Pride had always been that entity that made me feel as though I was a part of something. In some ways, looking back at the lack of representation in Findlay, Ohio for LGBTQ people only caused me to be more motivated to make that change by producing Pride.
I came to NYC when I was 17 with my mom. I had just come out to her two or three months prior, and we were on a college tour to visit various colleges, ending in New York City. Then we just so happened to stumble onto Pride. We literally just walked into the Pride March. It was this pivotal moment where I realized I was part of something much larger than anything I had ever anticipated.
Being from a small town in Ohio, you don’t realize there are others who are like you. You don’t realize that there’s a larger community out there for you. Pride really exposed that to me. Pride allowed me to realize that I needed that because it felt like I was lacking that in Findlay.
I’m sure you have a wealth of Pride stories after 10 years as Executive Director. Tell us one of those stories where you look back and say, “This tremendous amount work was 100% worth it.”

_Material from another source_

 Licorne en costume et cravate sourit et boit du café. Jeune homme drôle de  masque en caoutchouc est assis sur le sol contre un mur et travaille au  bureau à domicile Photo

World Pride was definitely the pinnacle by far. That whole experience was exhausting but incredibly rewarding. There aren’t that many jobs where you are planning for literally a decade for this one thing. To think about all of the hours and the conversations and the work and see it all come together into this extended moment over the course of the last two weeks of June was…I can’t even really put it into words. It’s something that was incredibly amazing.
It was also very sad at the same time because I knew going into it that I would never be able to have that moment ever again. I would never be able to influence the amount of people’s lives that I was able to do in that single moment. That was hard for me. For being someone who constantly wants to level-up, go higher, do better, and affect more lives, knowing that you would never be able do it like that ever again was sad to me.

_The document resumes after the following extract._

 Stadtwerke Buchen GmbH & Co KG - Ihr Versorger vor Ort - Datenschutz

There were very like cliché things that happened at Pride over the years that were pretty memorable. There was one time I was able to get Cher to perform at Pride. I was backstage with her whole crew. She was about to go onstage. There was this moment where I was behind her and she was getting on stage and it was an out-of-body experience with me thinking, “I can’t believe this kid from Findlay, Ohio was able to pull off this moment.” I’ve always been driven by creating moments for people that are ingrained in their minds for the rest of their lives. That was one of those moments.
Let’s talk about Out Leadership. How are we doing with identifying and supporting LGBTQ+ leadership?
I think it’s been a great change of pace for sure. It’s definitely different work than what Pride was in many ways. But it’s changing lives not only in New York but lives around the world: creating events and experience in Asia and Australia and Europe. Next year we’re looking to expanding into South America.
I was really drawn to the idea of taking to work the experience that I built over the years with Pride and expanding that on a global scale. We have been doing some amazing work given the circumstances. We were planning on doing 40-50 events, and as a result of the pandemic, we went virtual and have done over 100. We are not slowing down our pace and, if anything, are scaling up because there is that seamless ability to create endless types of conversations and narratives around certain issues. We’re able to speak to different parts of the world more frequently.
Is there something that an LGBTQ+ leader can do that our counterparts maybe can’t?
LGBTQ people specifically have a special place in their ability to show empathy. It’s not that non-LGBTQ people can’t show empathy. But LGBTQ+ individuals have this intersectional lens that not many other people can identify with. We know what it’s like to be discriminated against, from an LGBTQ angle but also in an intersection angle: female, people of color, trans, etc.
That allows us to have a bit more compassion around issues, topics, and conversations that can influence the lives of many. Empathy is our secret power that many people often don’t realize.